## Exercise goal
Using the data below, return word for word every line from the one holding "NG de France Hair" down to the one holding "thumbnail - Volantino". Leave pictures out.

## Data
::::
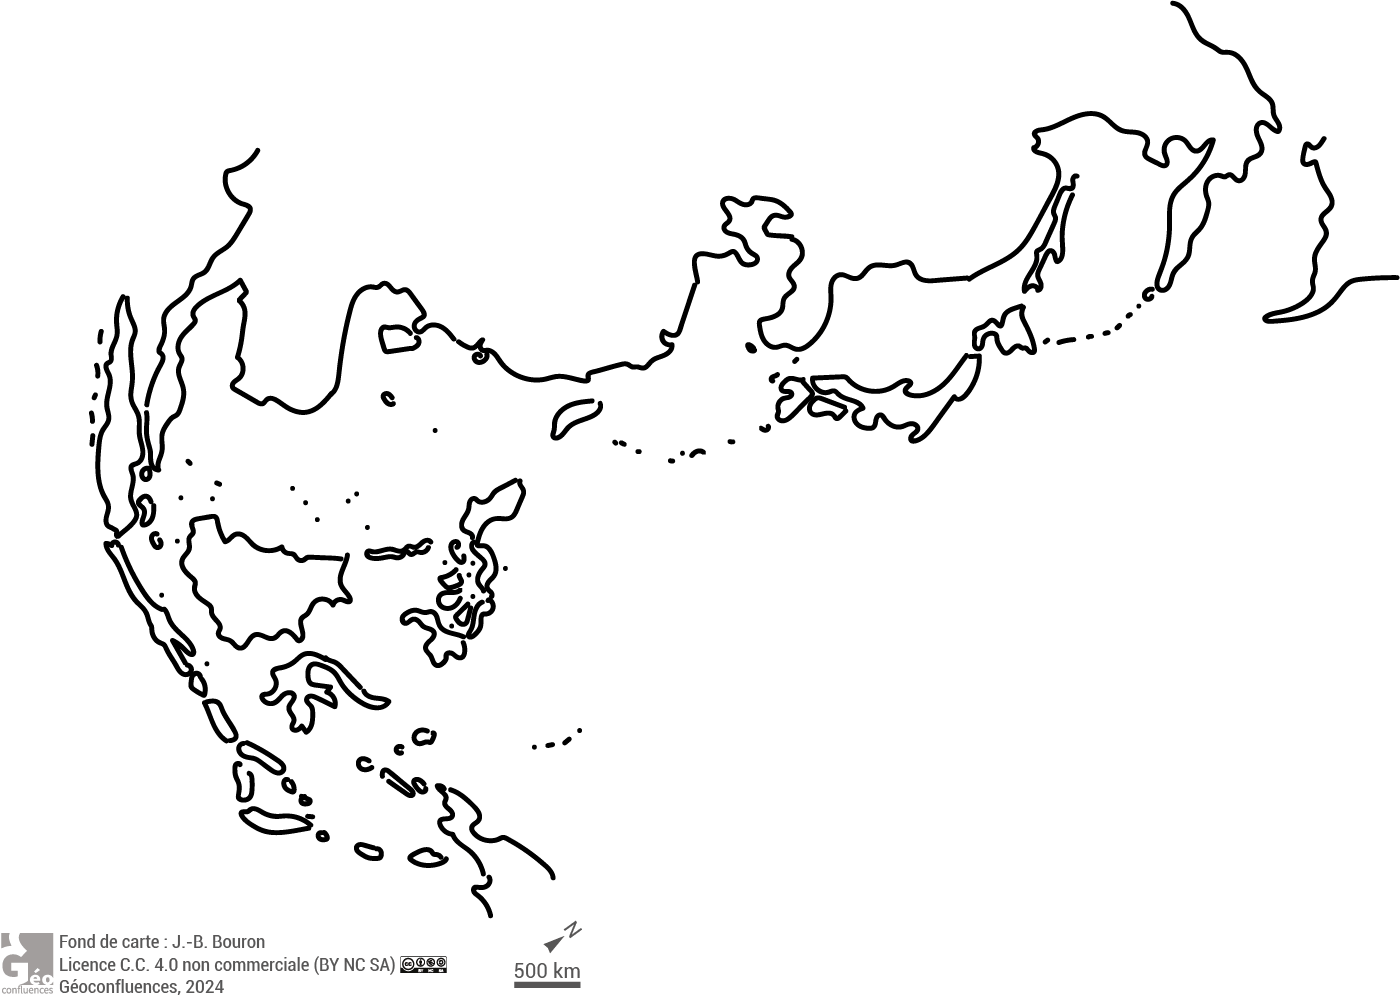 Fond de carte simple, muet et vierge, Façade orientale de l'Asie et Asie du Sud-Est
::::
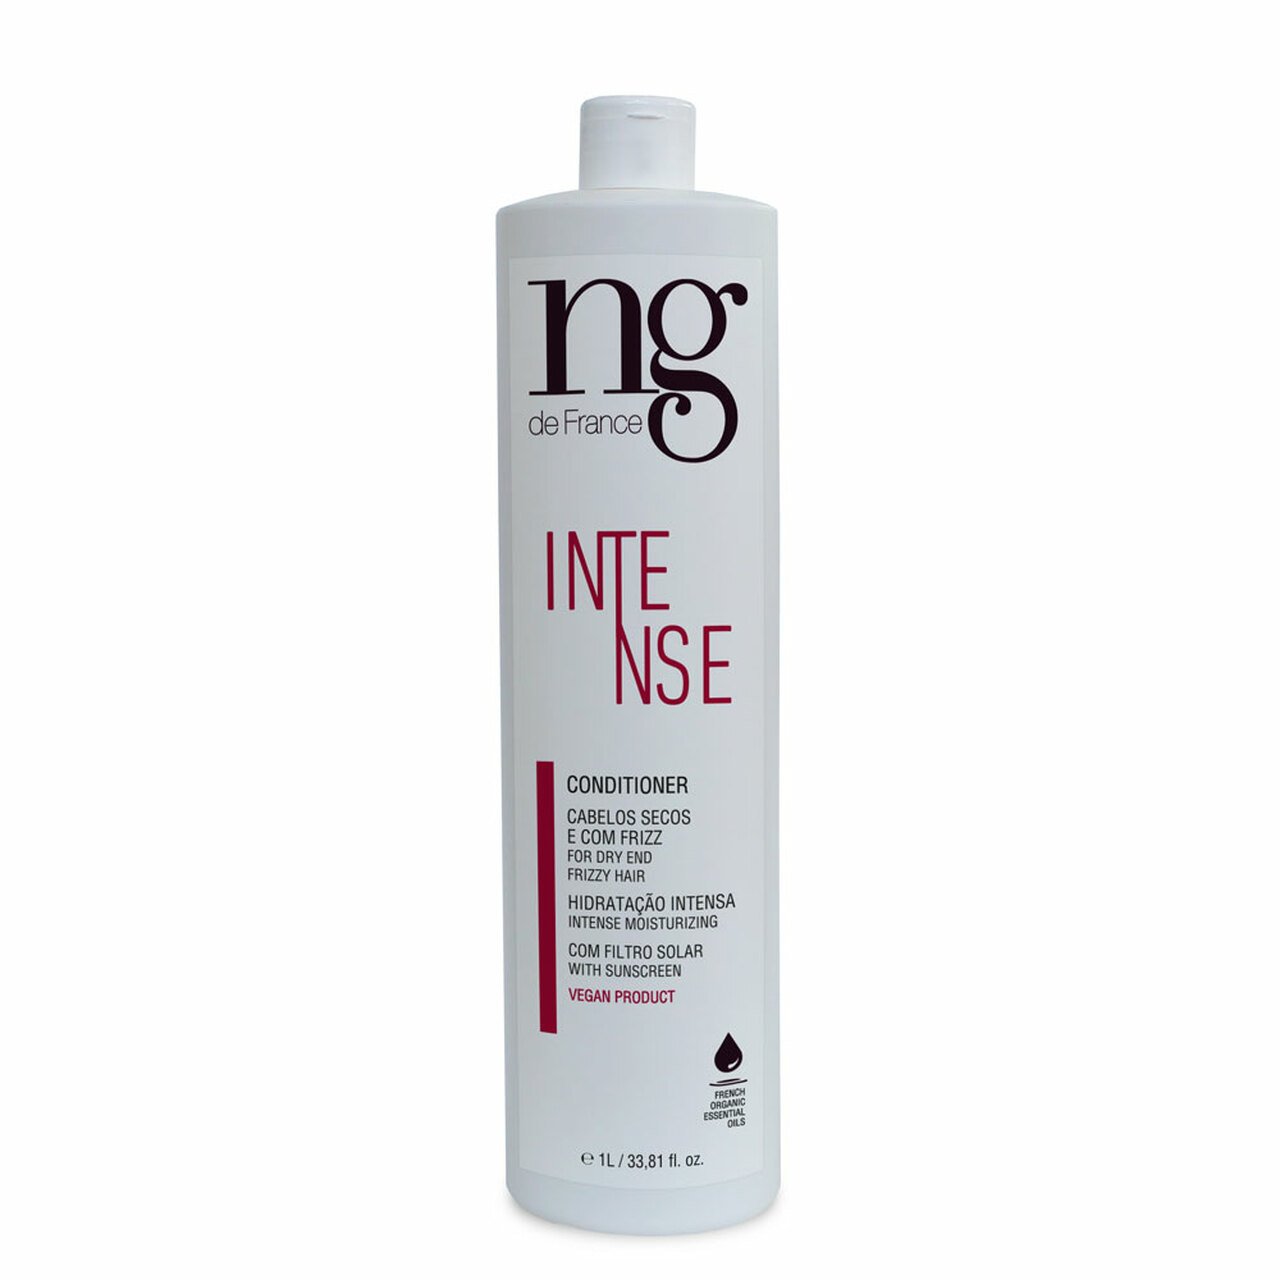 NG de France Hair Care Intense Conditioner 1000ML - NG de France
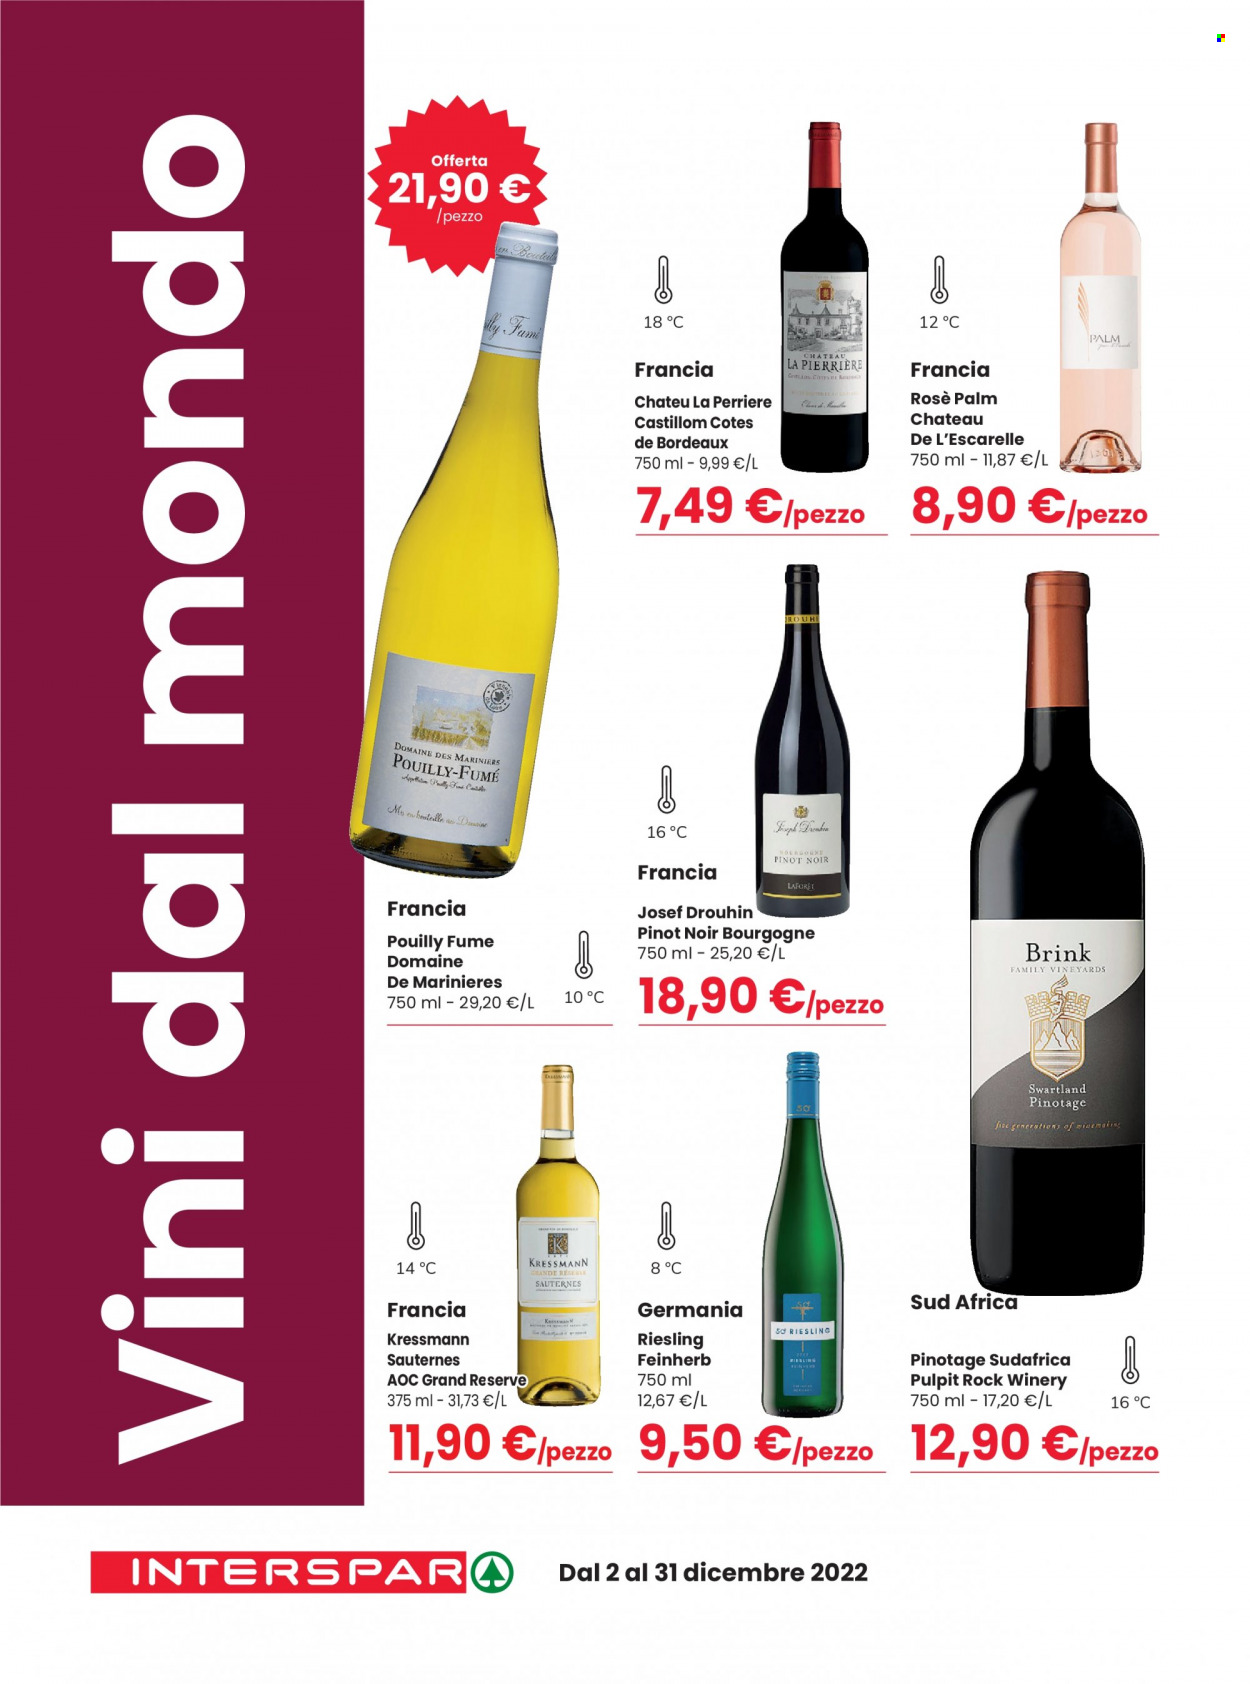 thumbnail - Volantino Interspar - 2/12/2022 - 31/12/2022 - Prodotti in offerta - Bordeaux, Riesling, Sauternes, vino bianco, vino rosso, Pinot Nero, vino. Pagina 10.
::::
## Completed task
 NG de France Hair Care Intense Conditioner 1000ML - NG de France
 thumbnail - Volantino Interspar - 2/12/2022 - 31/12/2022 - Prodotti in offerta - Bordeaux, Riesling, Sauternes, vino bianco, vino rosso, Pinot Nero, vino. Pagina 10.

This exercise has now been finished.